Members Jonathan Haskel and Michael Saunders were the two who went against the vote, both proposing a cut to 0.5 per cent and is the second month in a row they have voted to lower the rate to 0.5 per cent.
This falls in line with comments Saunders made in September where he suggested that in the event the UK avoids a no-deal Brexit, the next base rate move would be down instead of up.
Monetary policy still uncertain
The BoE maintained its stance on which direction monetary policy could go in despite the Conservatives election victory.
The central bank noted it “could respond in either direction to changes in the economic outlook in order to ensure a sustainable return of inflation to the two per cent target”.
The committee said it would monitor how businesses and households responded to Brexit developments in order determine its next move.
Frances Haque, Santander UK chief economist, said: “The decision to hold rates was widely expected given the outcome of the general election increases the certainty of the UK leaving the EU at the end of January, reducing the risk of a continuing ‘slow puncture’ in the UK economy.

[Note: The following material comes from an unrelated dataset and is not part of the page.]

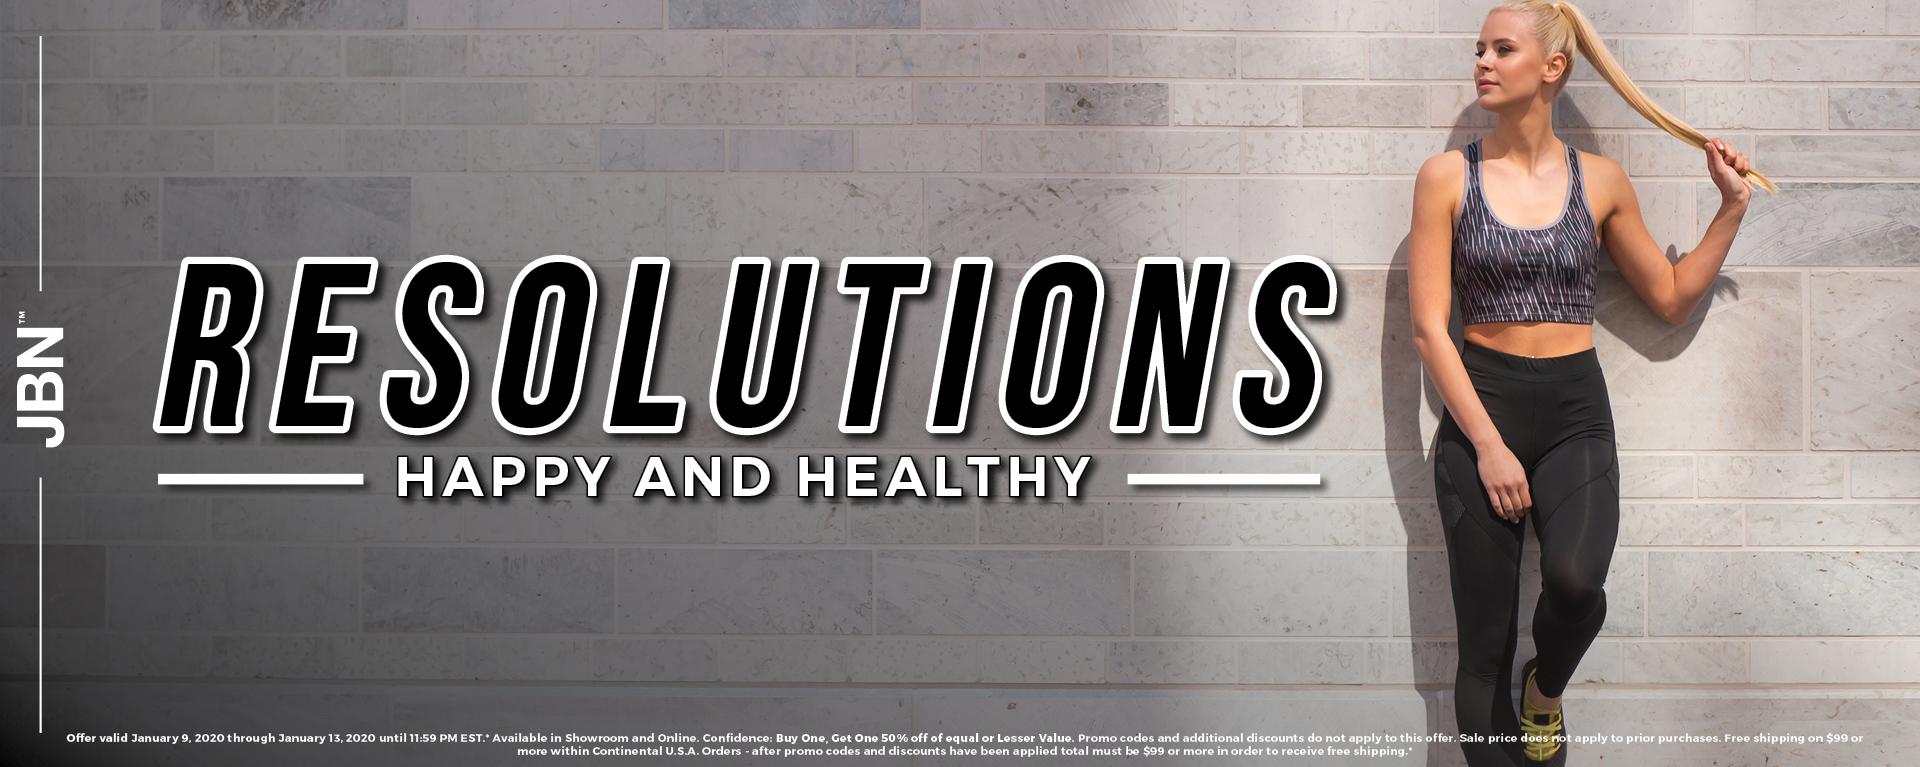 0120-resolutions-2.jpg
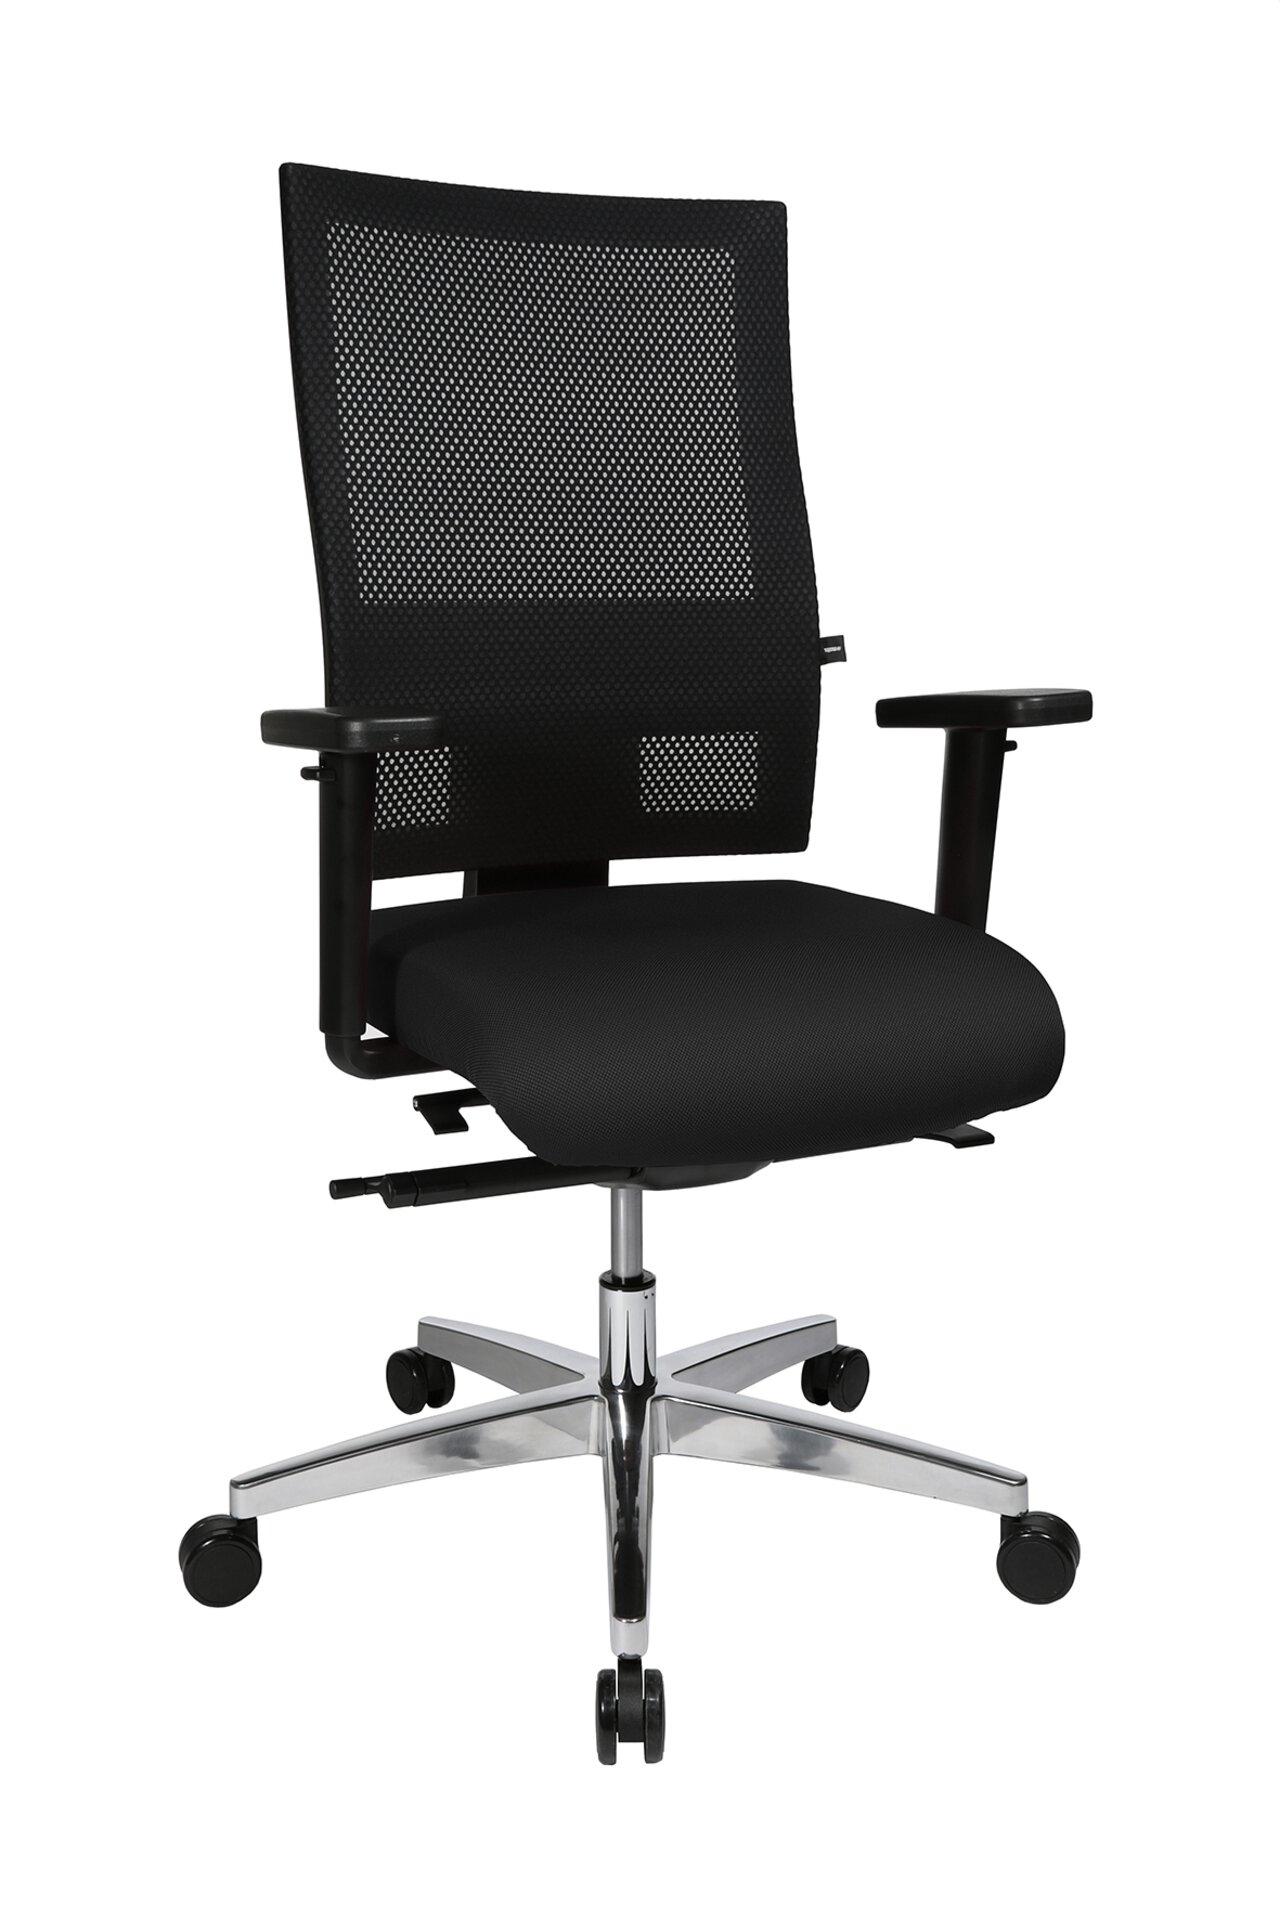 Büro-Drehstuhl SITNESS PROFI 200 Topstar Textil schwarz 64 x 113 x 59 cm

“The economic data published so far for the last quarter of this year indicates that growth will likely be weak or perhaps even negative and continues to depend on consumer spending to fuel growth.
She added: “However, with inflation well below the target rate and with the likelihood of reduced uncertainty, at least in the short term, the MPC is clearly standing by its cautious approach and will wait to see what type of momentum is carried into the beginning of 2020.”